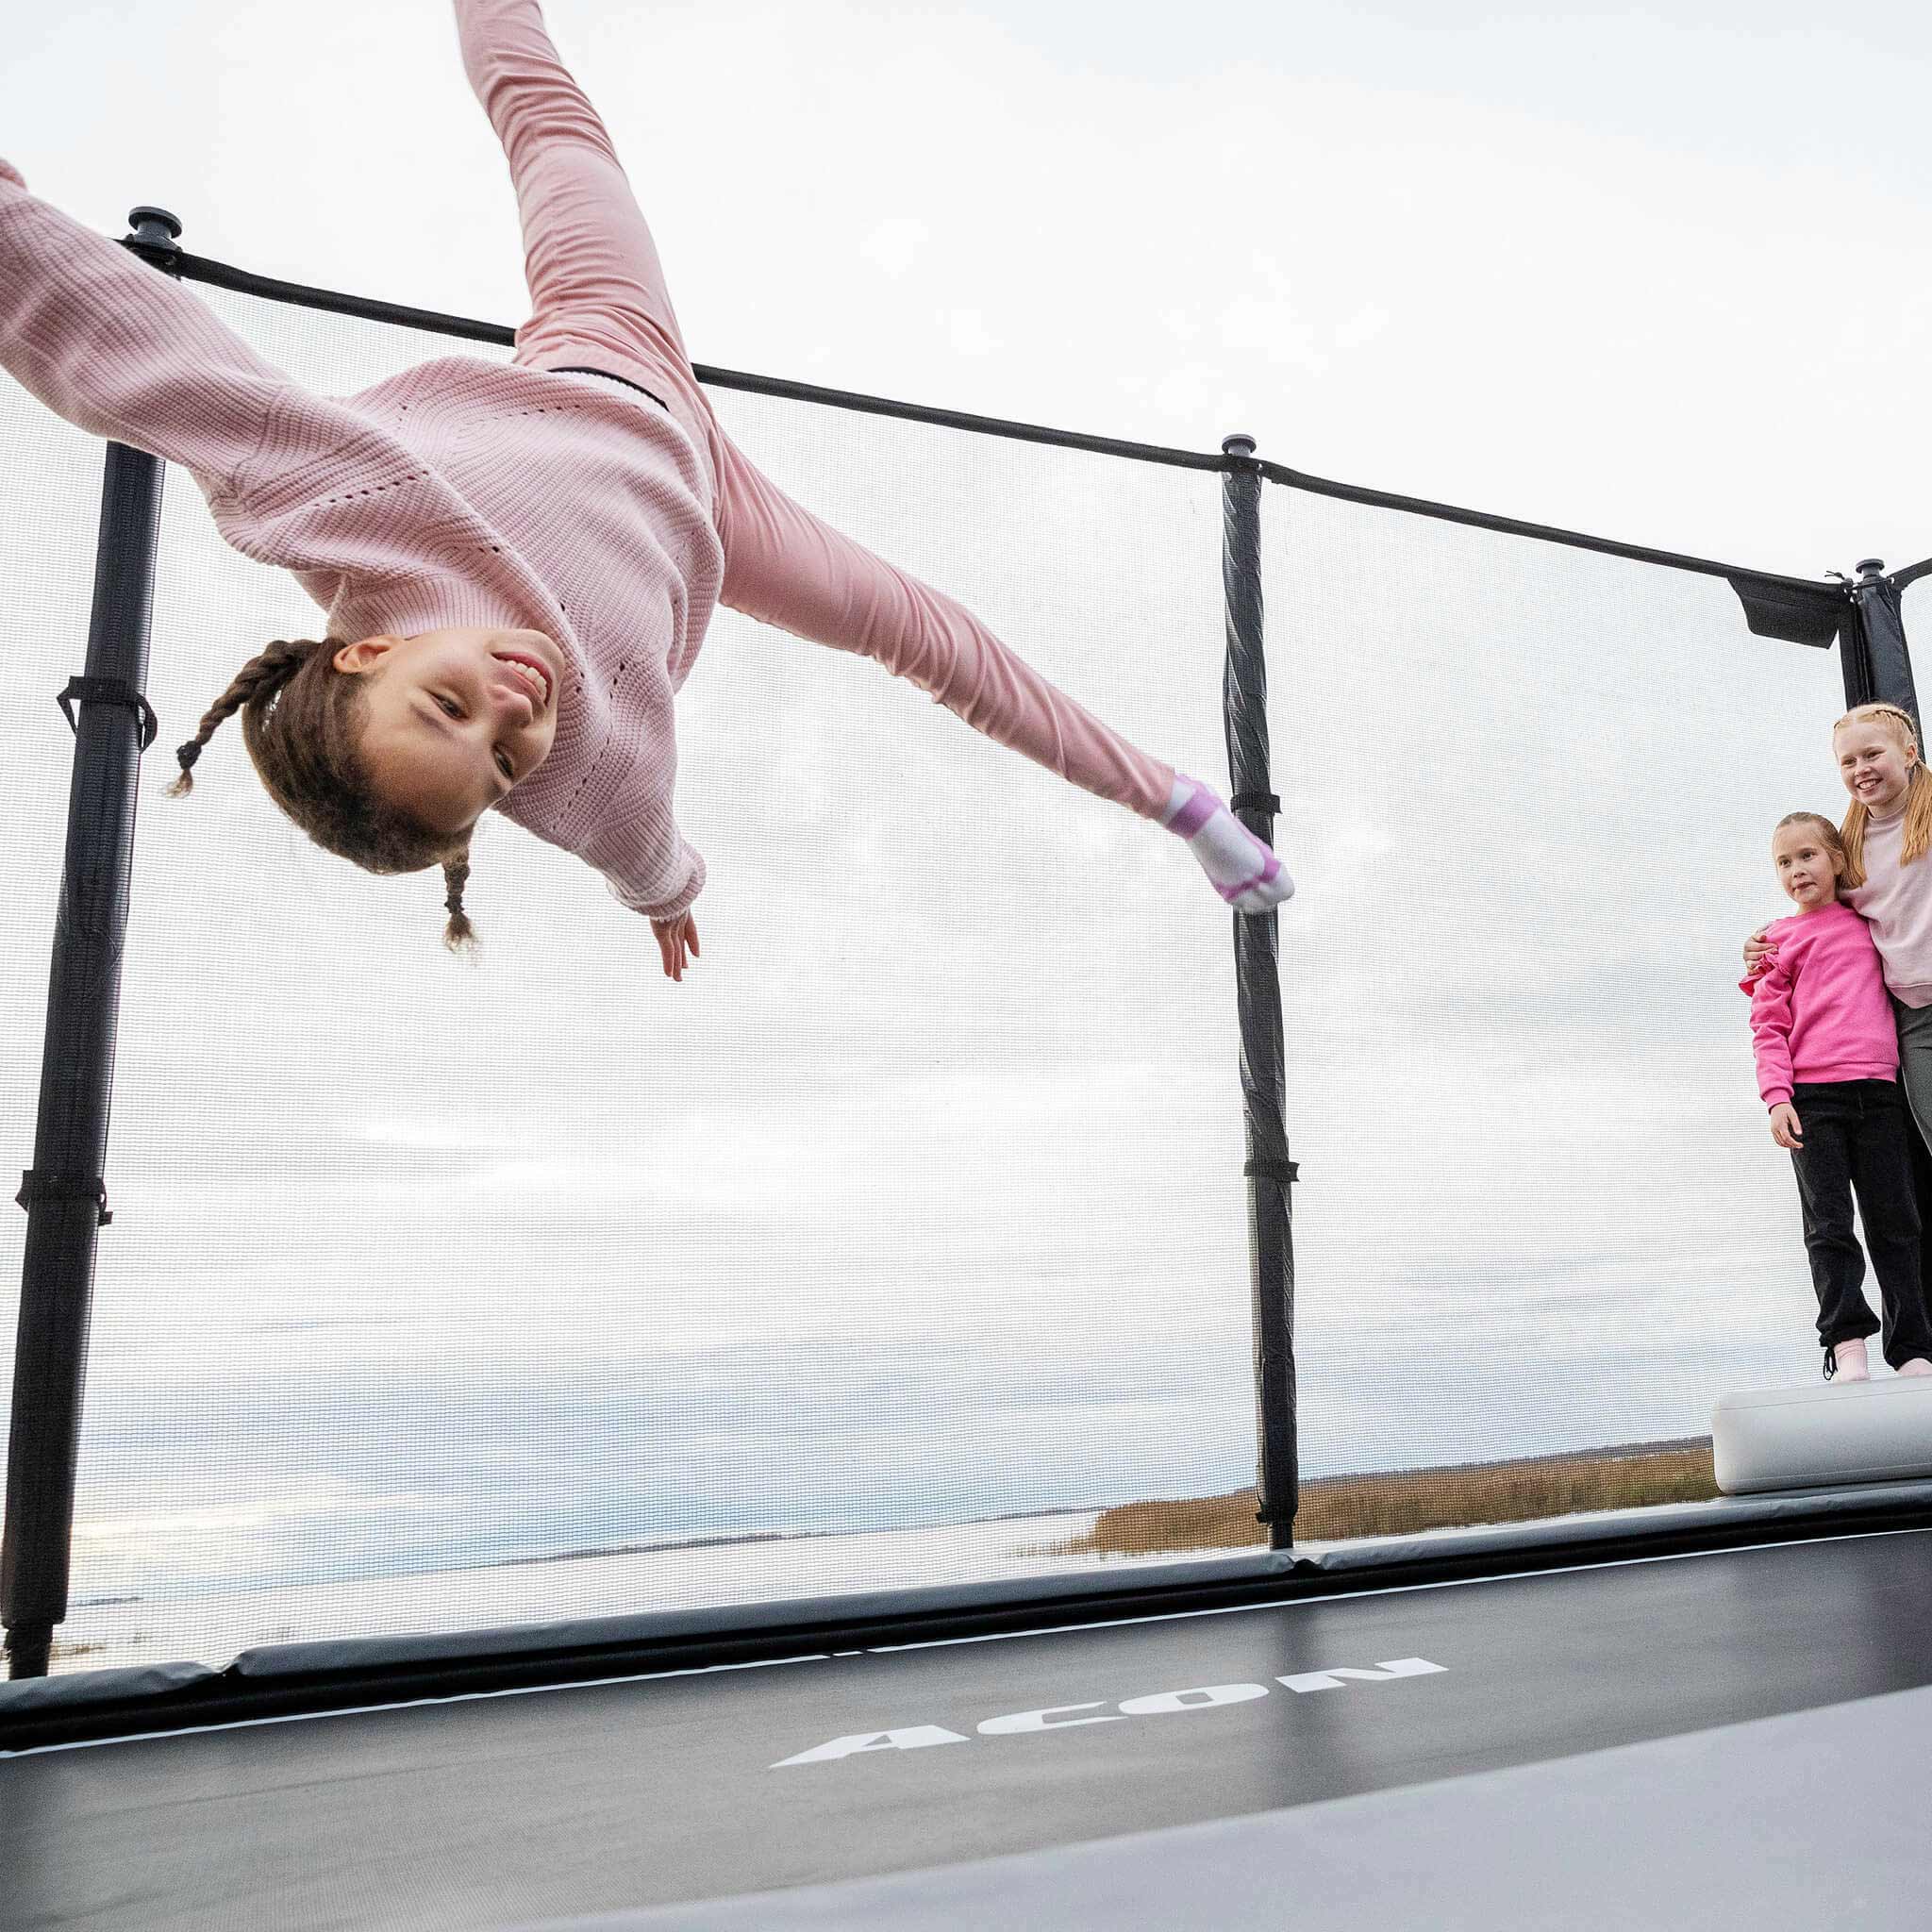 Une fille saute sur le trampoline Acon X, deux filles se tiennent debout et regardent.
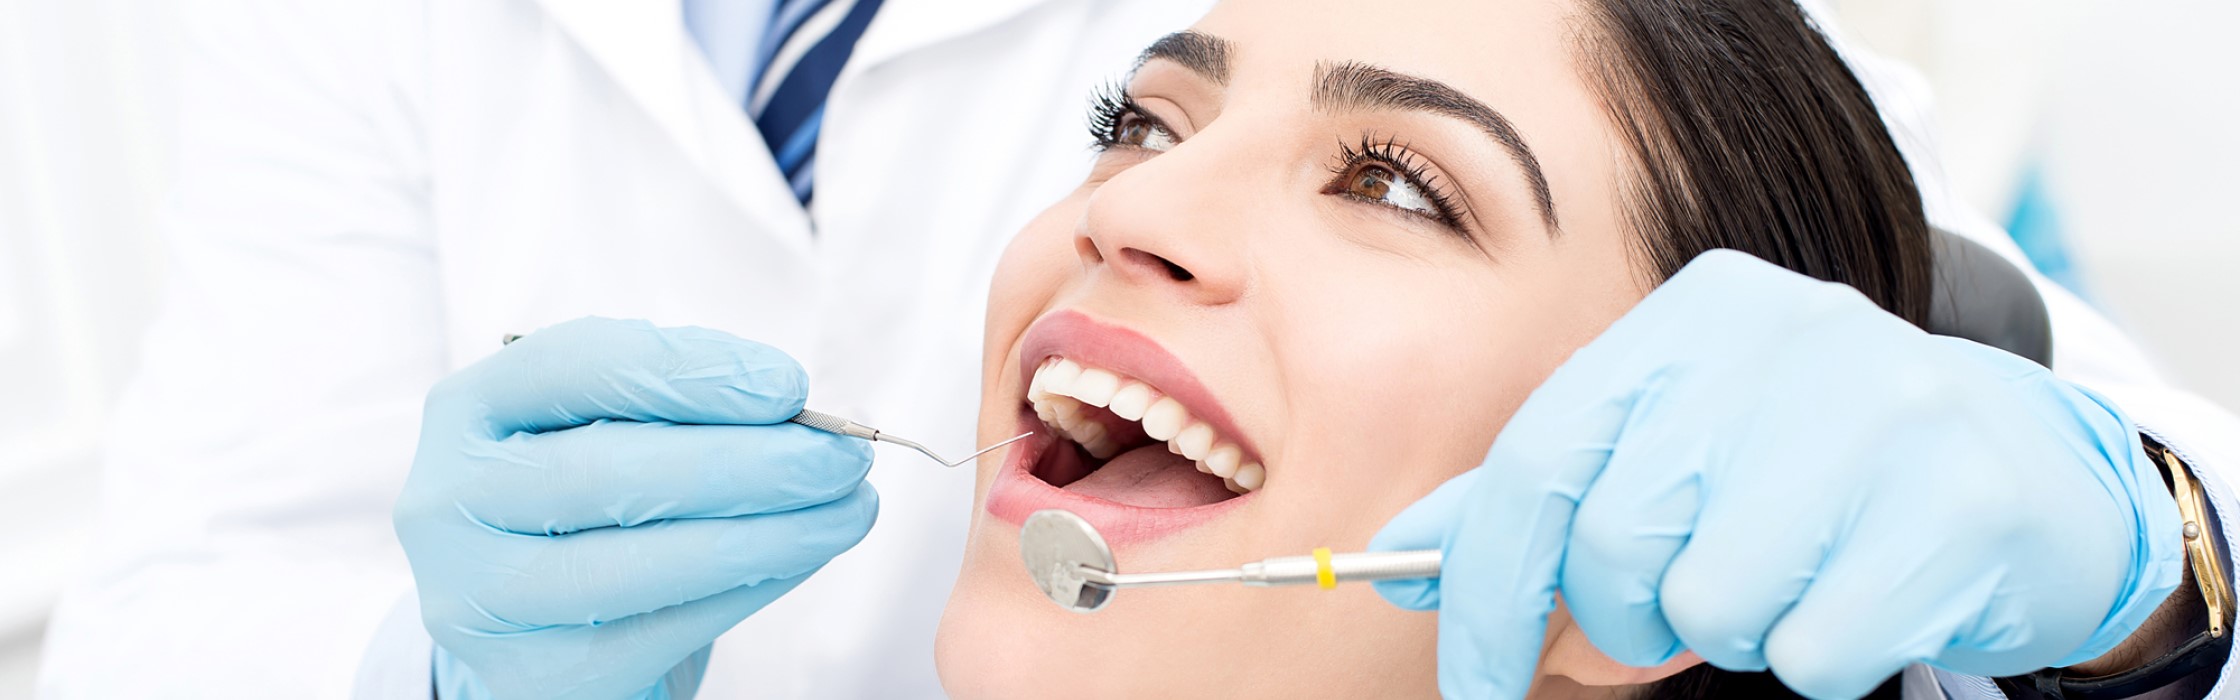 Zahnschmelz aufbauen: Zahnschmelz-Reparatur beim Zahnarzt
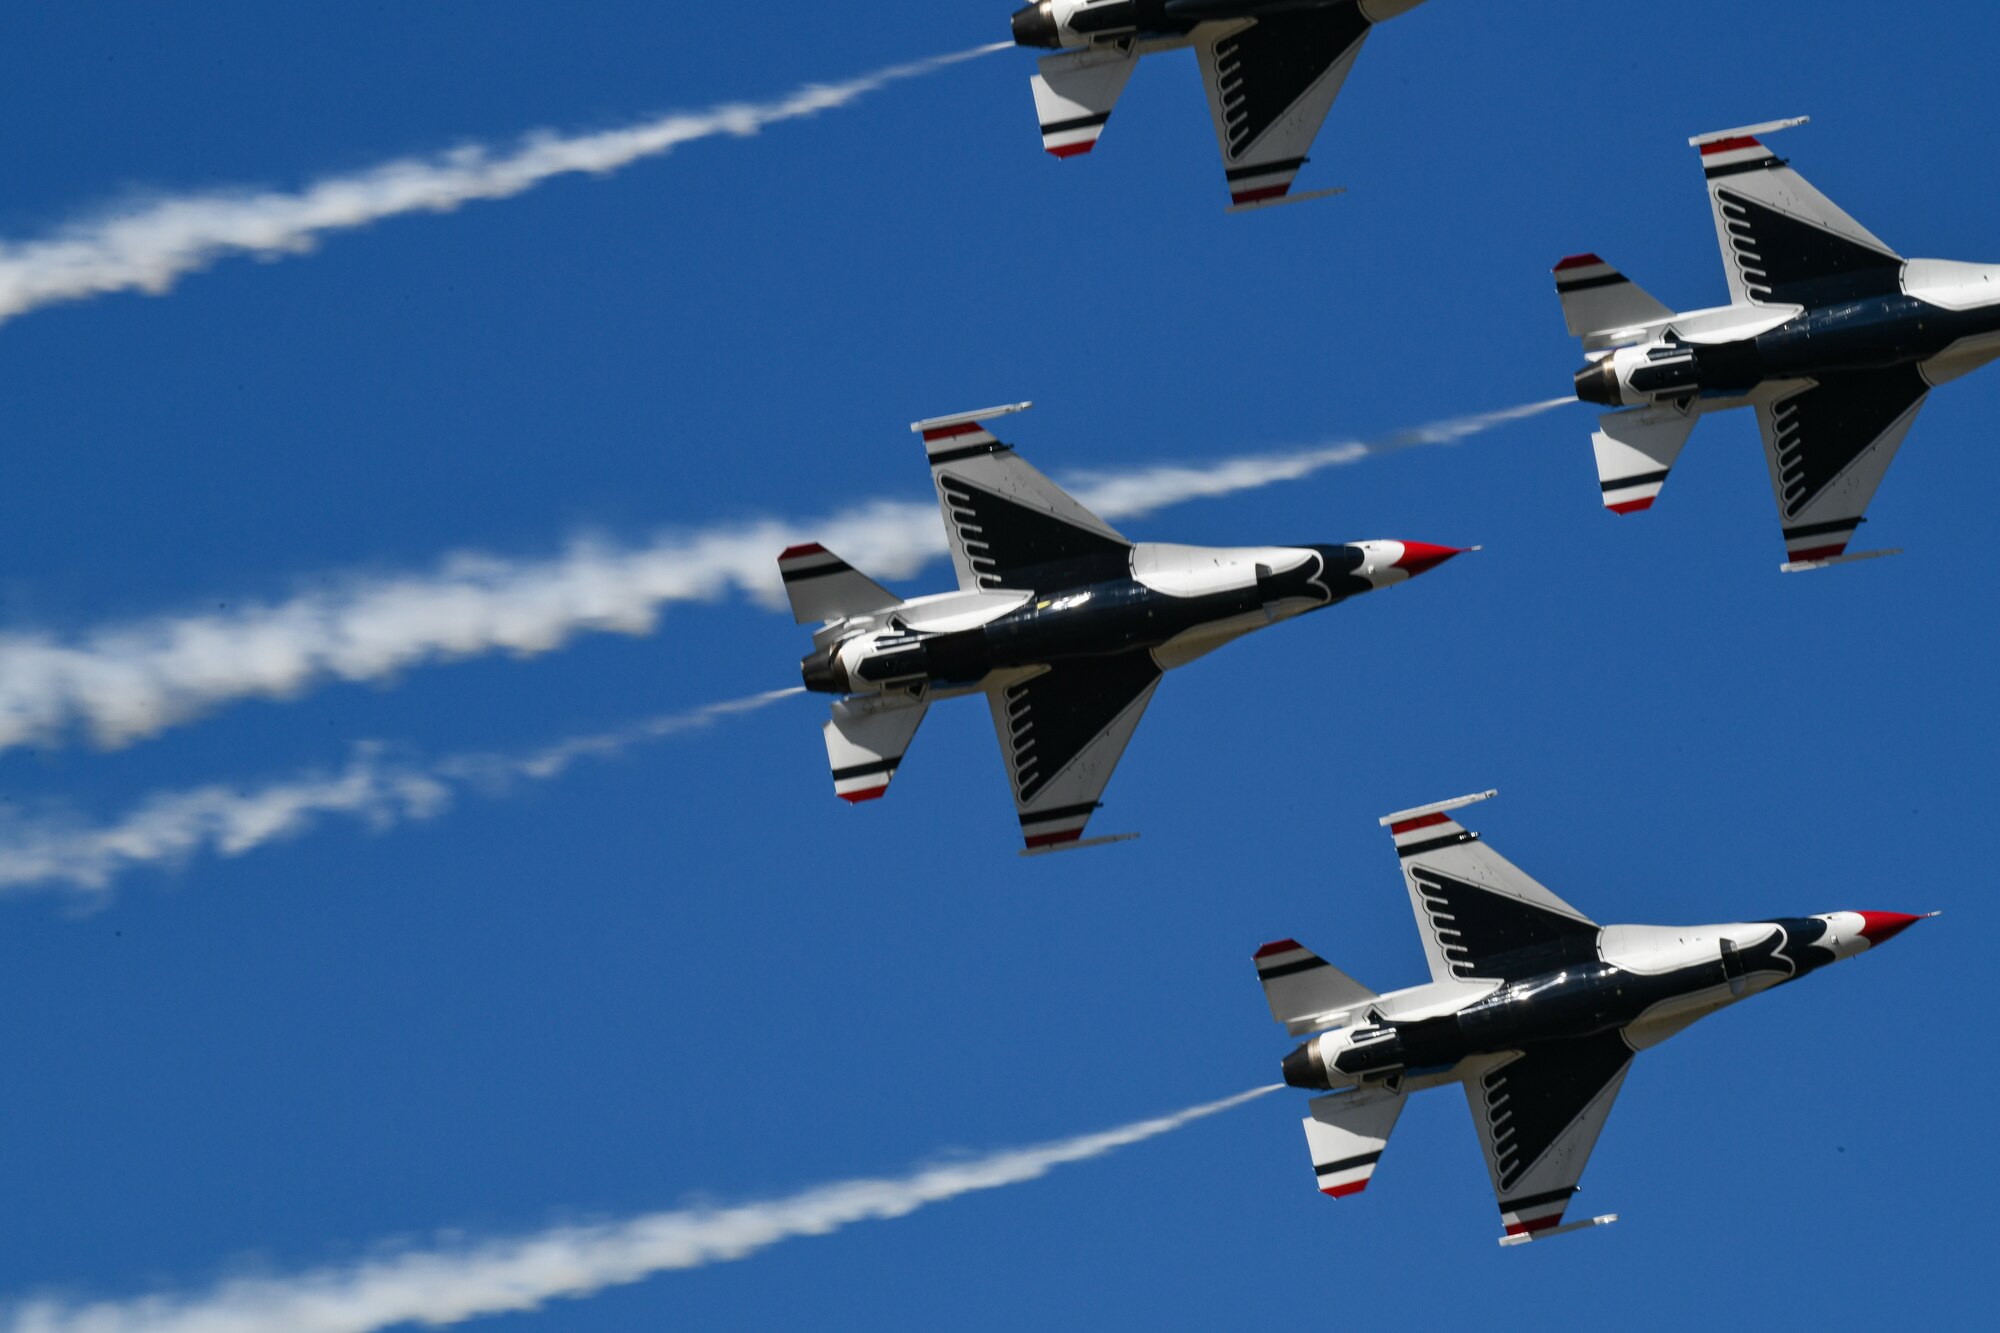 Four Thunderbirds F-16's in flight formation

▸ **About this task**
Please reproduce, exactly and only, the lines from the line containing "Zahnschmelz aufbauen: Zahnschmelz-Reparatur" through the last line of the material above, minus any pictures.

▸ **Task solution**
 Zahnschmelz aufbauen: Zahnschmelz-Reparatur beim Zahnarzt
 Four Thunderbirds F-16's in flight formation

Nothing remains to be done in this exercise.